Esports career information
- Games: Street Fighter series; Virtua Fighter 3; Tekken series; Marvel vs. Capcom series; Capcom vs. SNK 2; Mortal Kombat 9; Persona 4 Arena; Killer Instinct;
- Playing career: 1998–2017

= Alex Valle =

Peruvian-American professional esports player

Alex Valle (/es/), also known as CaliPower and Mr. Street Fighter, is a Peruvian-American fighting game tournament organizer and a retired professional fighting game player. Valle is mainly a Ryu specialist and is considered one of the most influential people within the fighting game community.

==Gaming career==
The first tournament Valle entered was an original Street Fighter II tourney using Ken, in which he lost to a Guile and a Dhalsim player. Valle's original competition was John "Choiboy" Choi and Mike "Watts" Watson. He was also the first American to ever face Daigo Umehara in a tournament: the Street Fighter Alpha 3 World Championships in 1998. In the tournament, Valle lost to Umehara in an outstanding comeback. From 2002 to 2010, Valle has had 10 Top 8 performances Valle is known for innovating the "Valle CC (Custom Combo)" which was his key to winning the Battle By the Bay Street Fighter Alpha 2 tournament, the predecessor of the Evolution Championship Series (EVO).
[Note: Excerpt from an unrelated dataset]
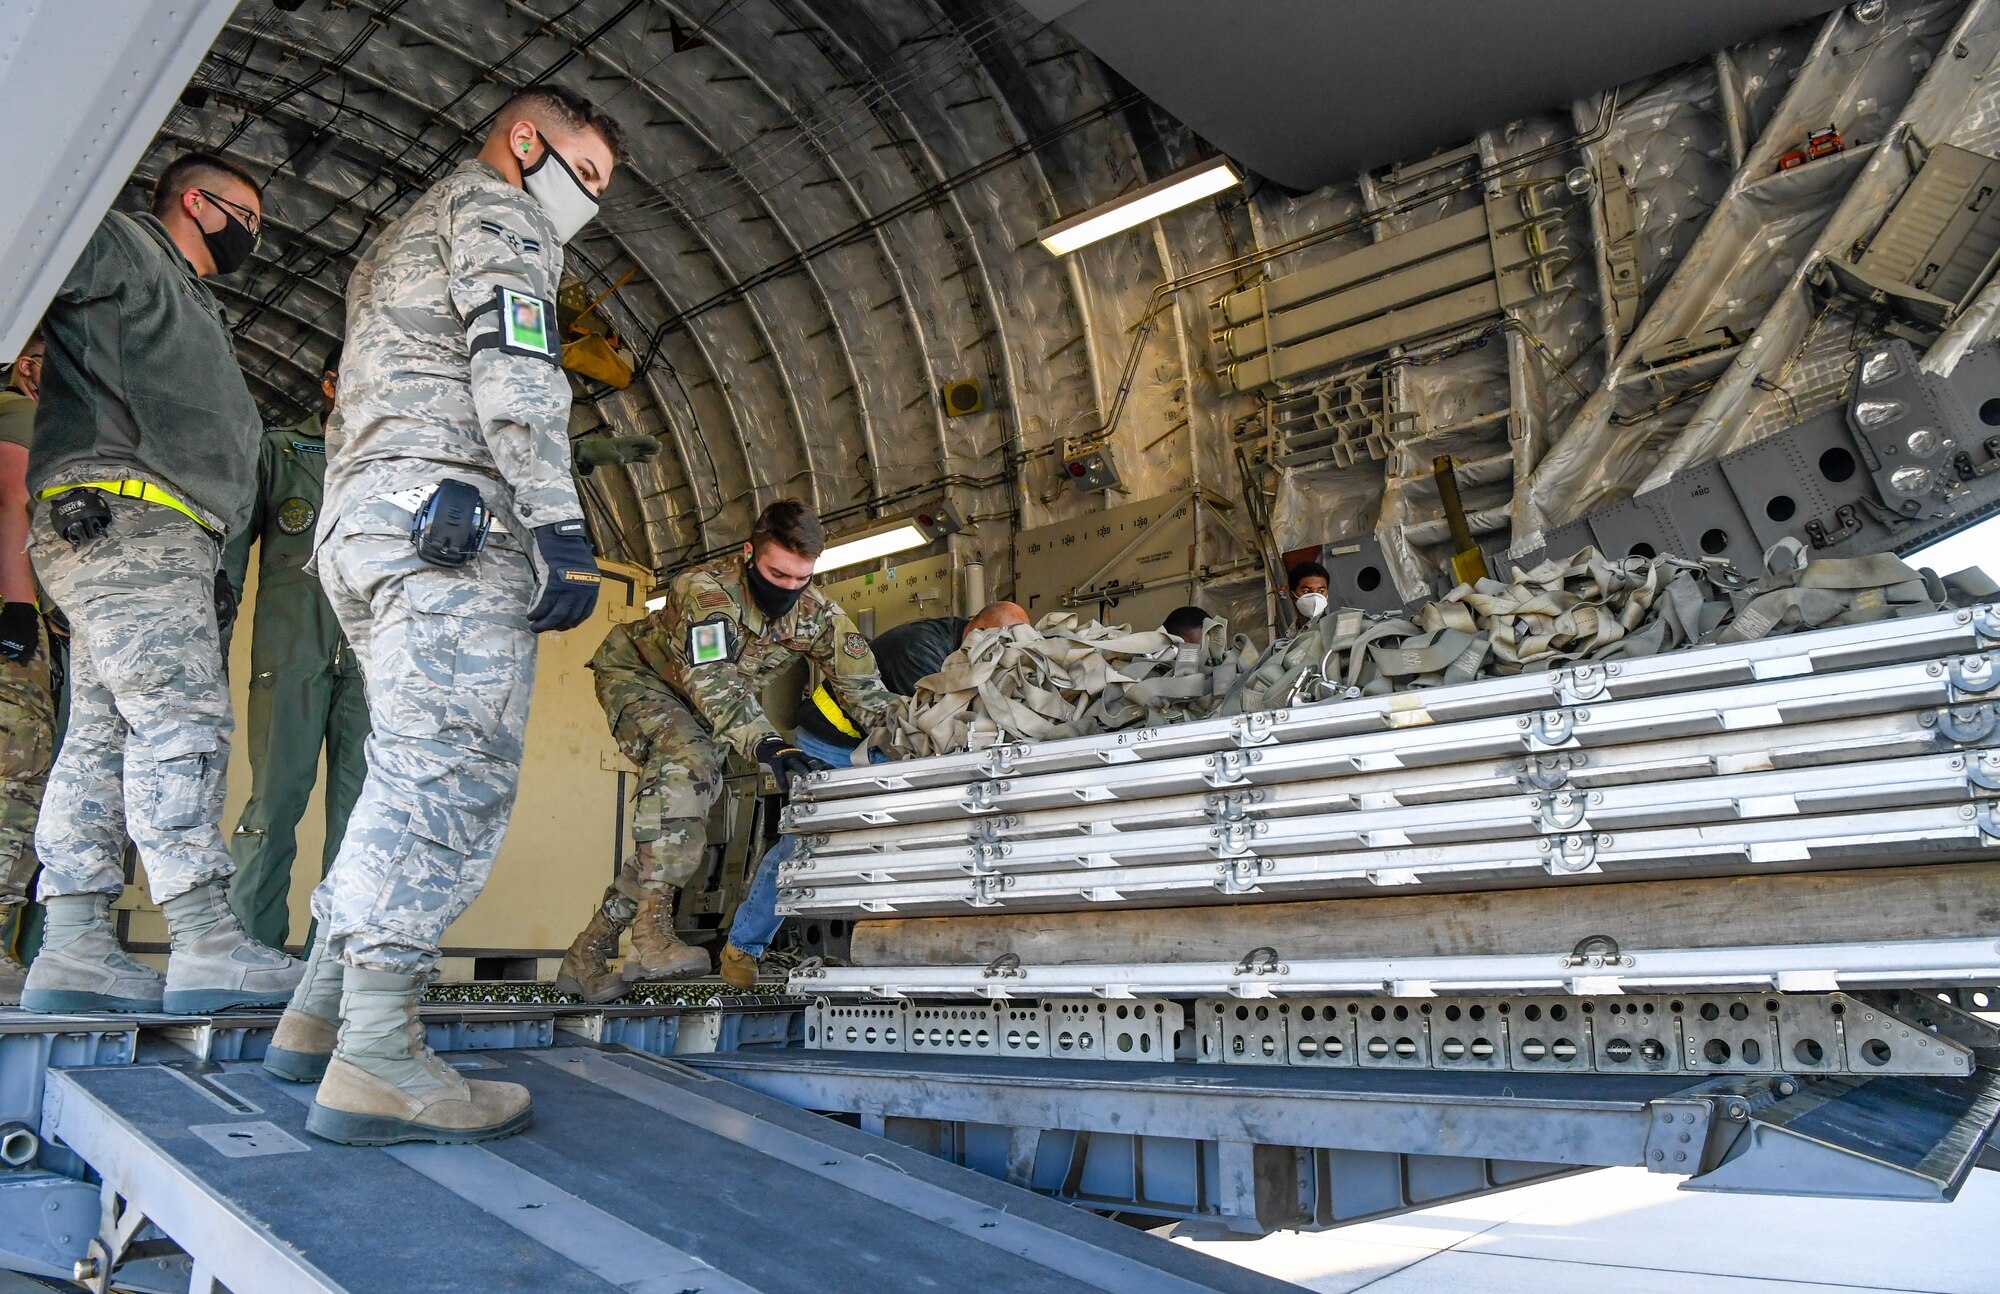 Airmen from the 436th Aerial Port Squadron unload cargo from an India air force C-17 Globemaster III at Dover Air Force Base, Delaware, Nov. 20, 2020. Dover AFB annually supports $3.5 billion worth of FMS operations due to its strategic location and 436th Aerial Port Squadron, the largest aerial port in the Department of Defense. The United States and India have shared interests in promoting global security, stability and economic prosperity. (U.S. Air Force photo by Senior Airman Christopher Quail) (This image was altered for security purposes by blurring identification badges)

After three years of not making a Top 8 at EVO, Valle took a 4th-place finish at EVO 2013 for Street Fighter X Tekken using a team of Yoshimitsu and Lars, being defeated by Justin Wong. Valle later took a 4th-place finish at Capcom Cup 2013, losing an "epic" runback against Dexter "Tampa Bison" James. According to an interview with Canadian Smasher Toronto Joe, Valle was impressed with the Super Smash Bros. Melee scene in SoCal. When Toronto Joe asked for advice for building a community, Valle responded "Find a group of dedicated people willing to lend a hand and create frequent events. Community building takes a long time so have realistic expectations and cater to your scene directly." When Toronto Joe asked how the Fighting Game Community stands out compared to other game genres, such as first-person shooters and MOBAs, Valle stated that "[t]he FGC started in arcades where you had to take out the player next to you. The social interaction is what makes every match interesting because we instantly feel our opponents struggle for each defeat." Valle was excited for Super Smash Bros. 4 and he felt interested in showcasing the game at upcoming tournaments.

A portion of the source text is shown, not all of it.